# Nano reef tank



## Yankee boy (Jun 5, 2005)

I am interested in getting one of those JBJ nano cubes a 6g one. It has a built in 3 way filtration and a built in powerhead. The 6g also comes with an 18w light. Would 3 watts per gallon be enough to keep some soft corals or possibly a bubble tip anemone? I would just like to stock it with 1 small percula clownfish and a couple of inverts.


----------



## TheOldSalt (Jan 28, 2005)

Nope.
6 gallons is too small for a clownfish, anyway. 
I have a jbj-12, and I wouldn't use it for saltwater on a dare; that pump is too cantankerous, it gets way to hot, and the built-in filter you mentioned is terrible.
The jbj-24 might actually work. It has dual PC bulbs & twin cooling fans, & is big enough, but I don't know about it's filter.


----------



## Fishfirst (Jan 24, 2005)

I would have to agree. The Nano we used at the petstore I worked at was around 85 when the lights were on. Plus the volume of that tiny little tank makes it a challenge to keep it going anyway... small tanks in marine aquariums don't mix.


----------



## Osiris (Jan 18, 2005)

I must be just the black sheep hehe. But a small clownfish 1 would be ok but not indefinetaly. those are nice looking


----------



## TheOldSalt (Jan 28, 2005)

No It Wouldn't!

Stop That!


----------



## Yankee boy (Jun 5, 2005)

actually ive decided to get a 12g DX nano tank which includes dual cooling fans. You should see some of the nano reefs kept in nano cubes on nano-reef.com absolutely beautiful and low maintenance. There are some nanos on there that are 2.5 to .5 gallons that are kept successfully.


----------



## TheOldSalt (Jan 28, 2005)

HA!
According to them. 
A tank doesn't have to run for very long to make a nice picture.

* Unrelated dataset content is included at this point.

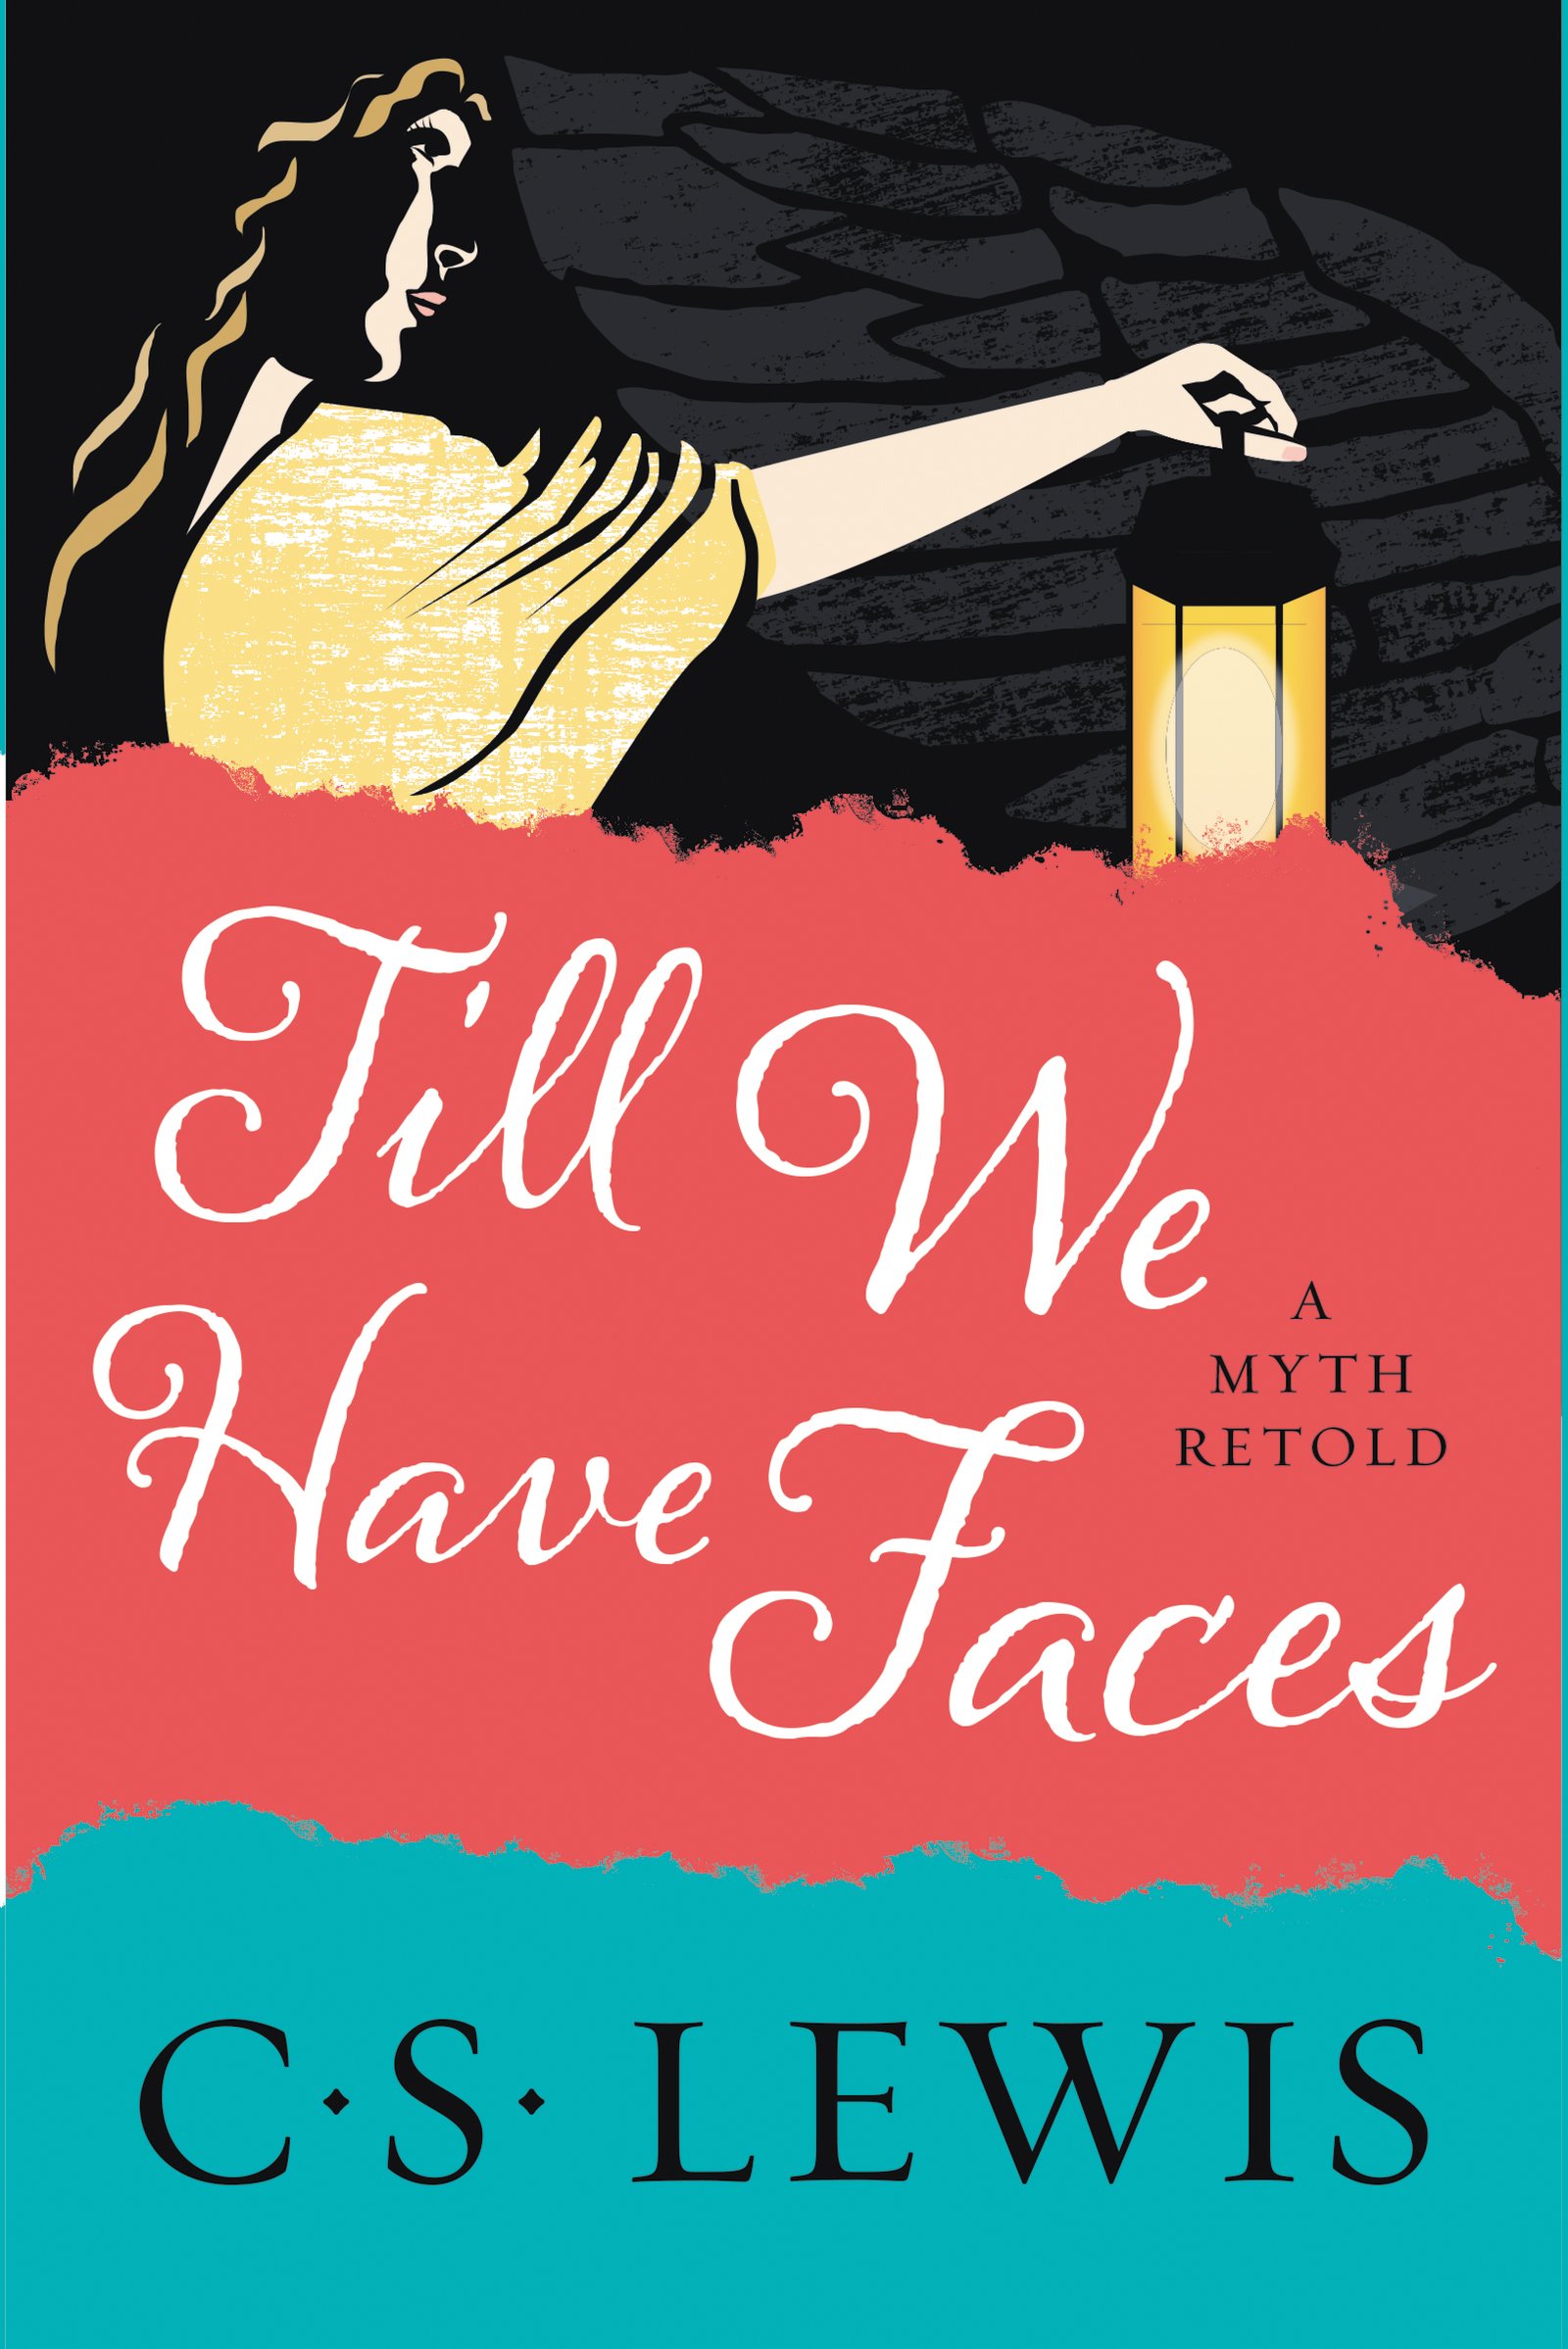 C.S. Lewis: Till We Have Faces: A Myth Retold [Kindle Edition] $2 ~ Amazon
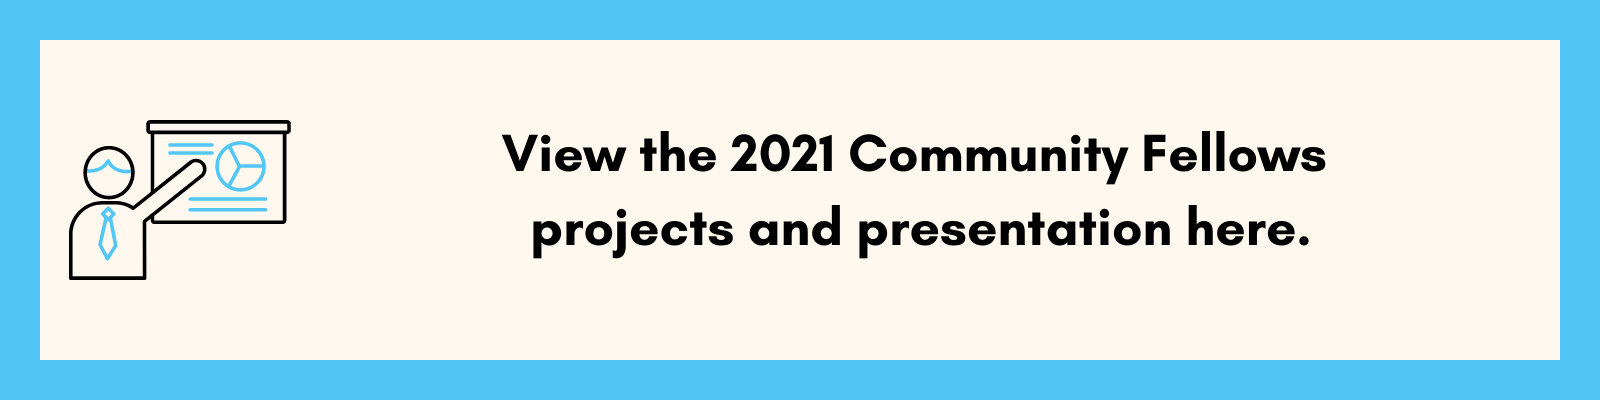 Click here to view 2021 Community Fellows projects

Here's a tip: fill the 12cube with plain water & let it run a week before doing anything else with it. You'll see what I mean about the pump, and why you can't trust it.


----------



## Osiris (Jan 18, 2005)

What you mean? that setup he got has like built in filter or something?


----------



## Fishfirst (Jan 24, 2005)

yep, and not a vary good one at that. There have been a lot of problems with the nano cubes. I've seen at least 4-5 come back to the petstore I worked at for about 9 months, we only sold about 10.


----------



## Yankee boy (Jun 5, 2005)

theres supposed to be a new model comming out, I kno ive read nano-reef.com there is mostly problems wit the 24g nano cube.


----------



## coffeejunkee09 (Jan 29, 2006)

the only things you could put in that are dwarf sea horses.http://www.seahorse.org/library/articles/dwarfKeeping.shtml

but they require the care of someone with absolutely no social life.


----------